:: Directions ::
Every picture stays out; everything else in the listing below is to be returned exactly.

:: The data ::

_ _ _ _ _ _ _

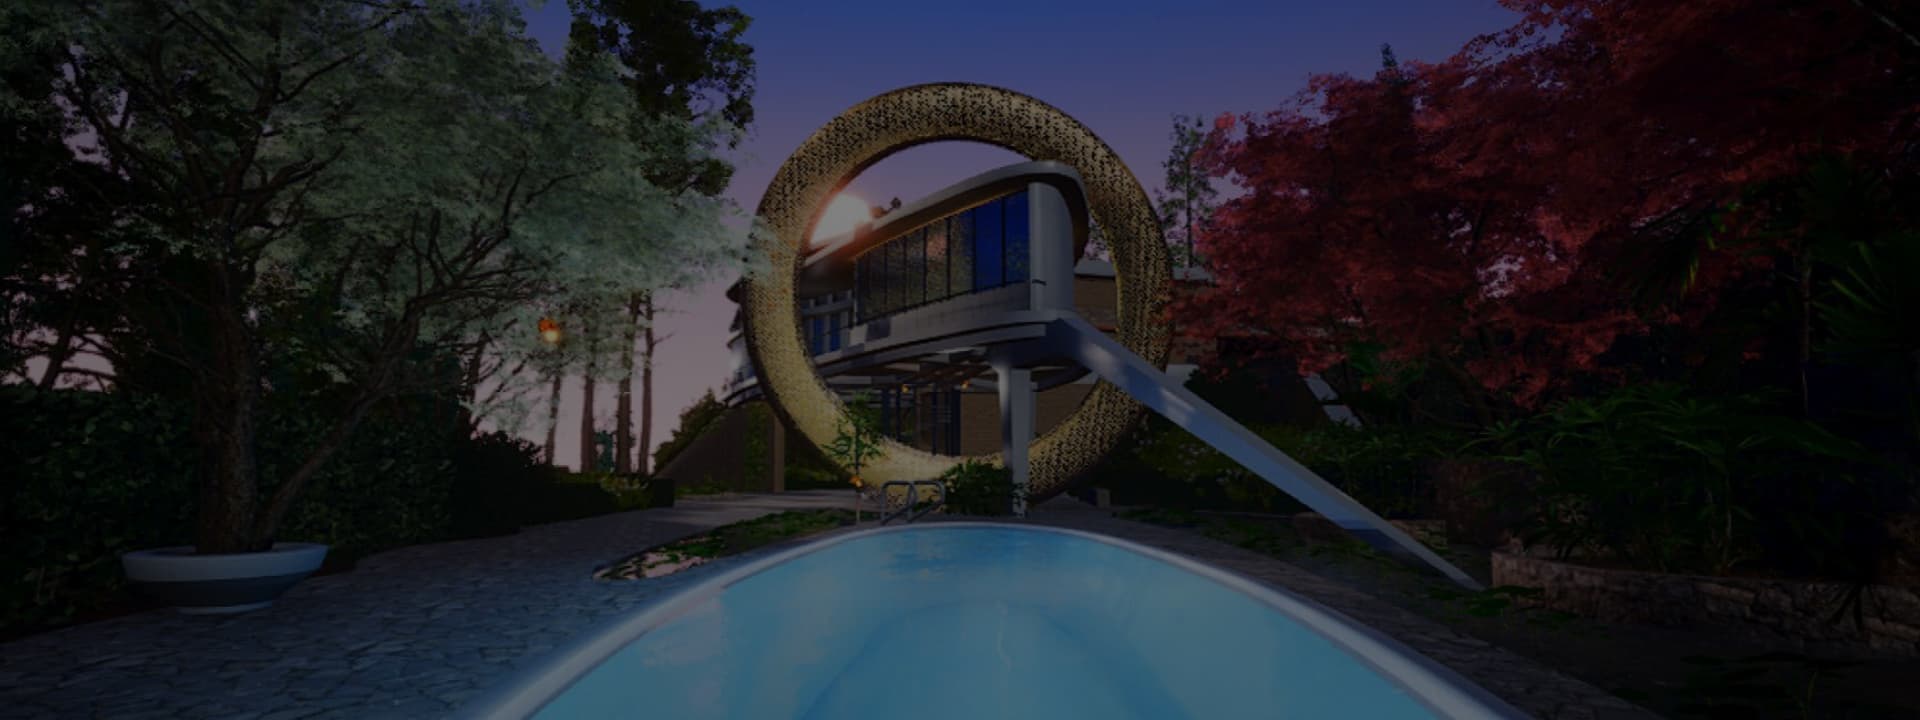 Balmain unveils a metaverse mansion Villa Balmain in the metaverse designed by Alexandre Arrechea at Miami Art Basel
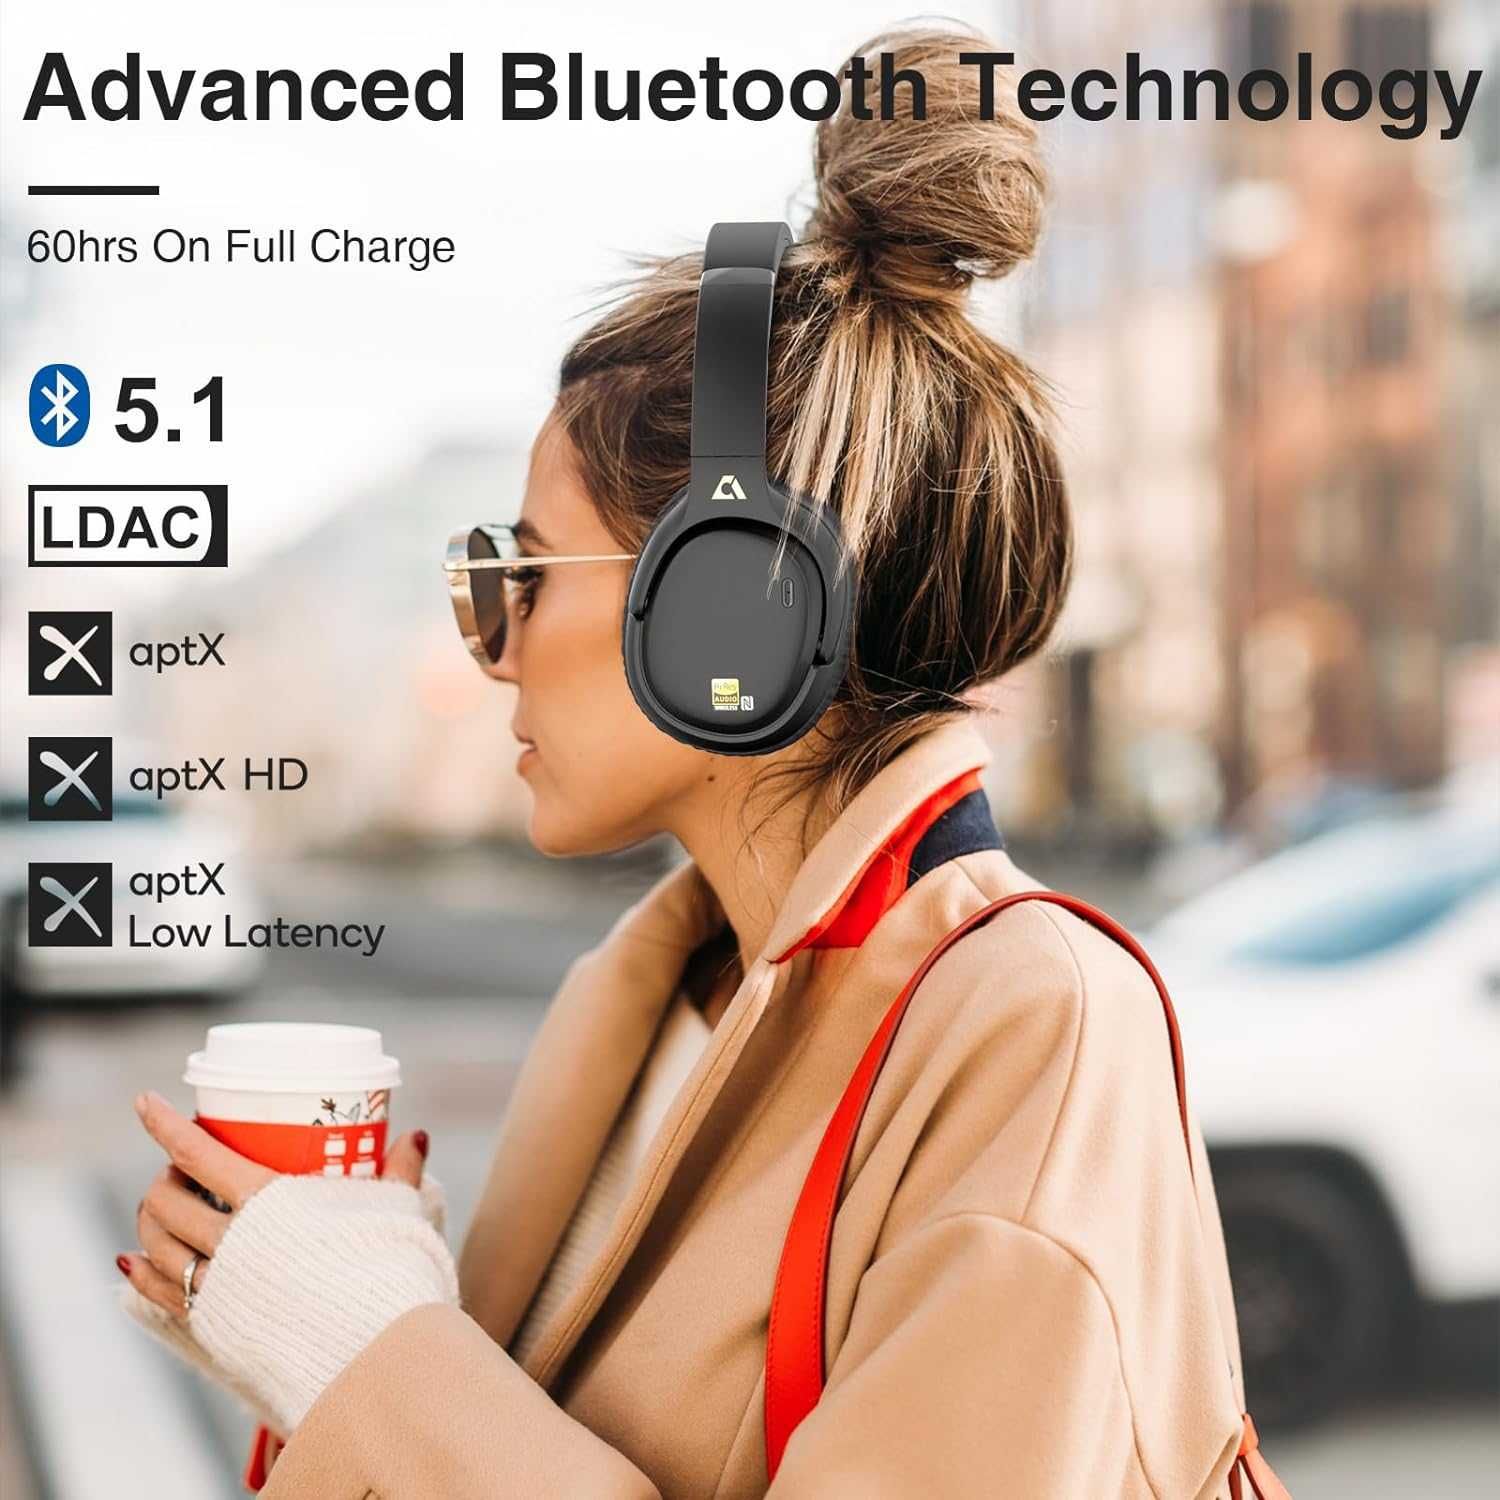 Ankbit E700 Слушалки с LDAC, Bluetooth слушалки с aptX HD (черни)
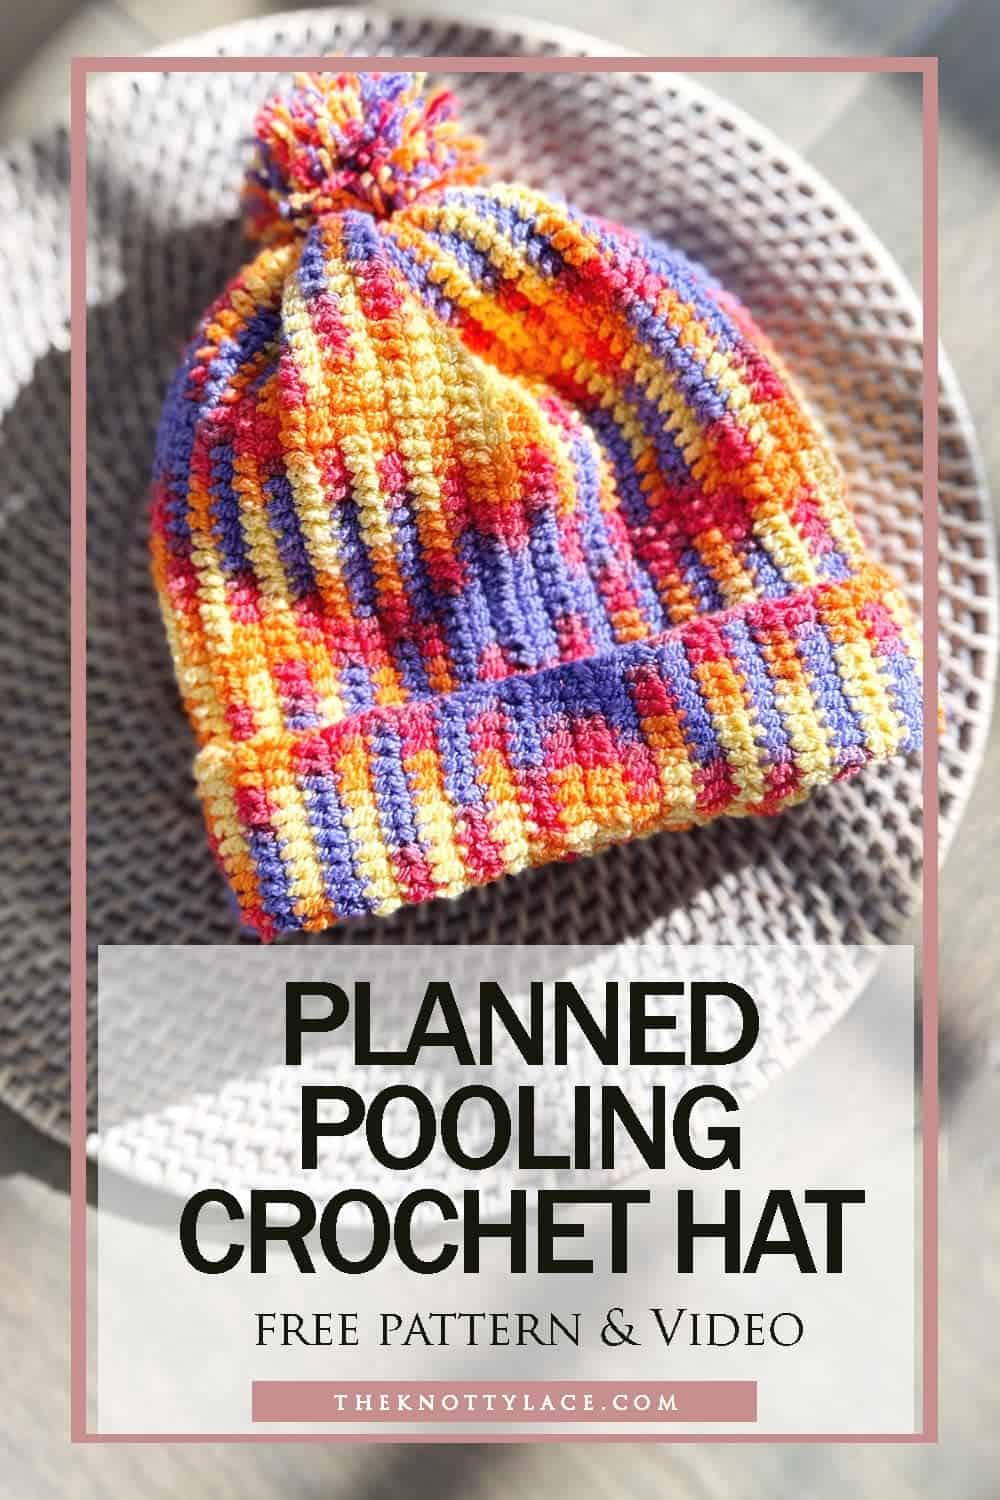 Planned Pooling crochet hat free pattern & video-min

_ _ _ _ _ _ _

:: Answer section ::
 Balmain unveils a metaverse mansion Villa Balmain in the metaverse designed by Alexandre Arrechea at Miami Art Basel
 Ankbit E700 Слушалки с LDAC, Bluetooth слушалки с aptX HD (черни)
 Planned Pooling crochet hat free pattern & video-min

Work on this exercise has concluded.